ASEAN Must Do More for Accelerating Just Energy Transition

This briefing paper highlights the paradox facing ASEAN: on the one hand, it aspires to be the world’s ‘growth epicenter’, while on the other, it is at the ‘epicenter of climate change’. Driven by economic growth and growing energy demand, ASEAN’s contribution to global emissions is also rising, bringing significant consequences for its population. Southeast Asia’s geographic and demographic characteristics—low-lying areas, dense populations, infrastructure challenges, and reliance on agriculture—make the region highly vulnerable to the impacts of climate change. The Asia Pacific Disaster Report 2024 even warns that climate-related disasters are on the rise, having affected more than 580 million people in the past five decades, with devastating financial losses, reaching an average Annual Loss (AAL) of US$86.5 billion, far exceeding the investment needed to meet clean energy targets.

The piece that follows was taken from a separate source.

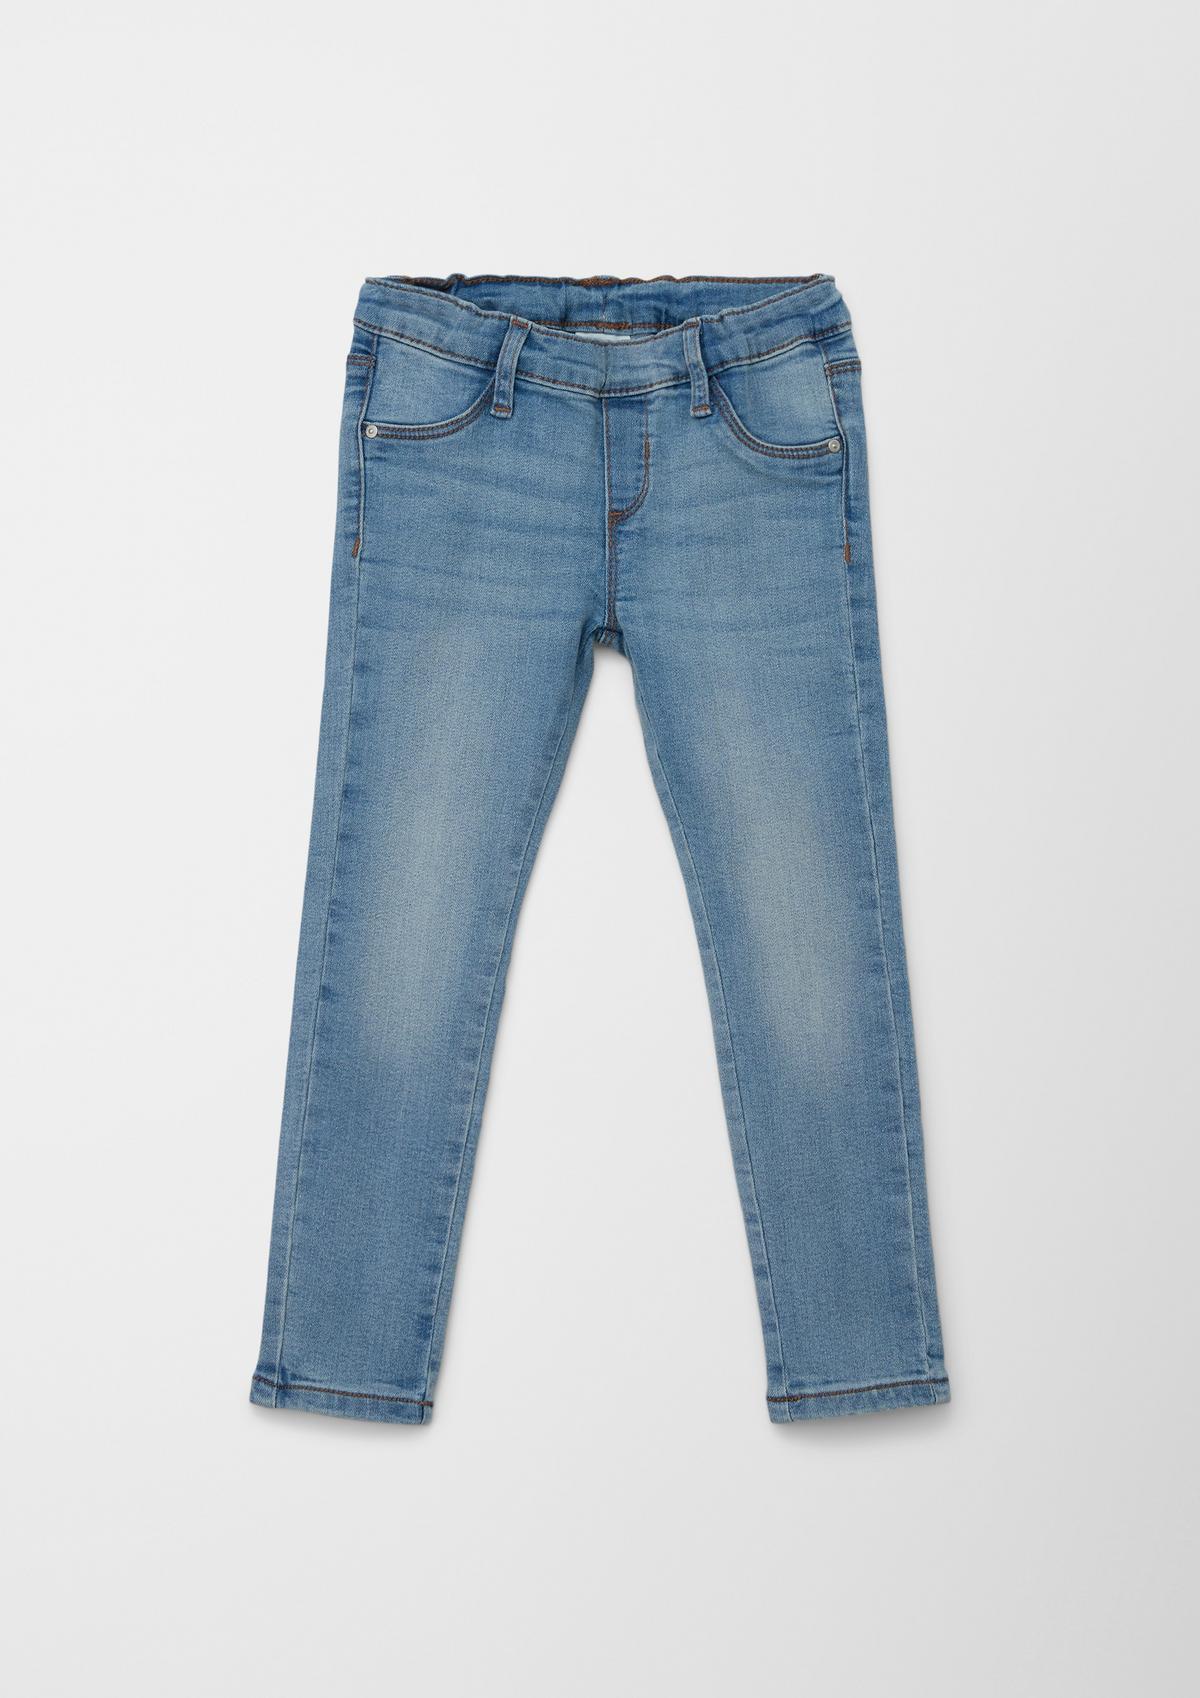 Jeans tregging / regular fit / high rise / tapered leg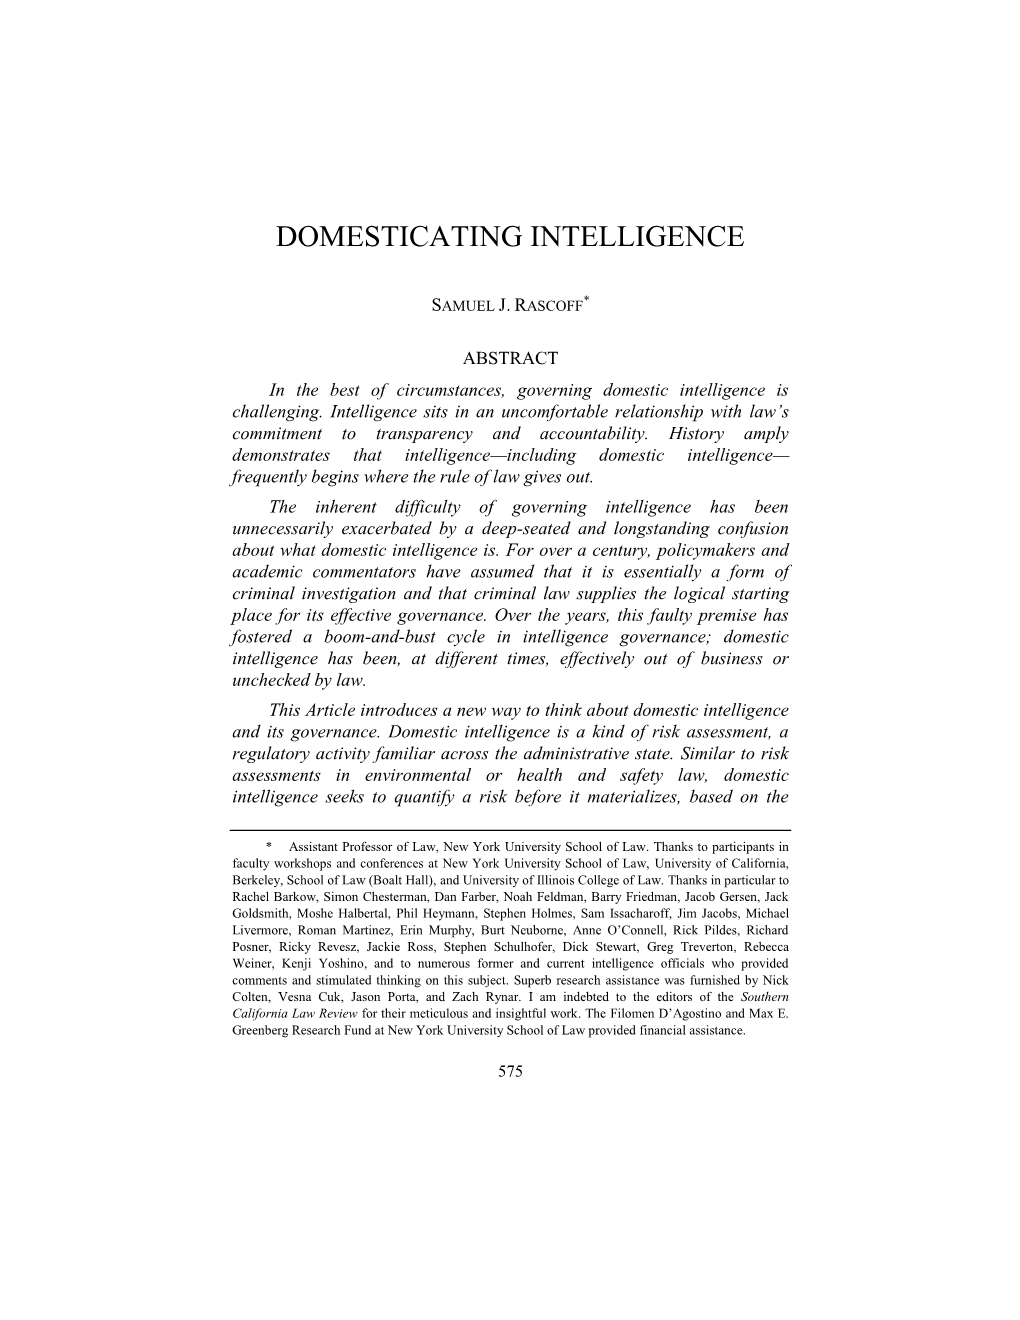 Domesticating Intelligence

Beyond the direct costs of disasters, inaction on climate change also creates systemic costs, such as air pollution causing thousands of deaths annually, burdens on health systems, and food insecurity. A UNEP 2024 study estimates that air pollution will cost countries like Indonesia, Thailand, and Cambodia tens of billions of USD annually by 2030. Therefore, this policy brief calls for an urgent transformation for ASEAN: the region must decouple economic growth from emissions by accelerating the energy transition towards sustainable green development.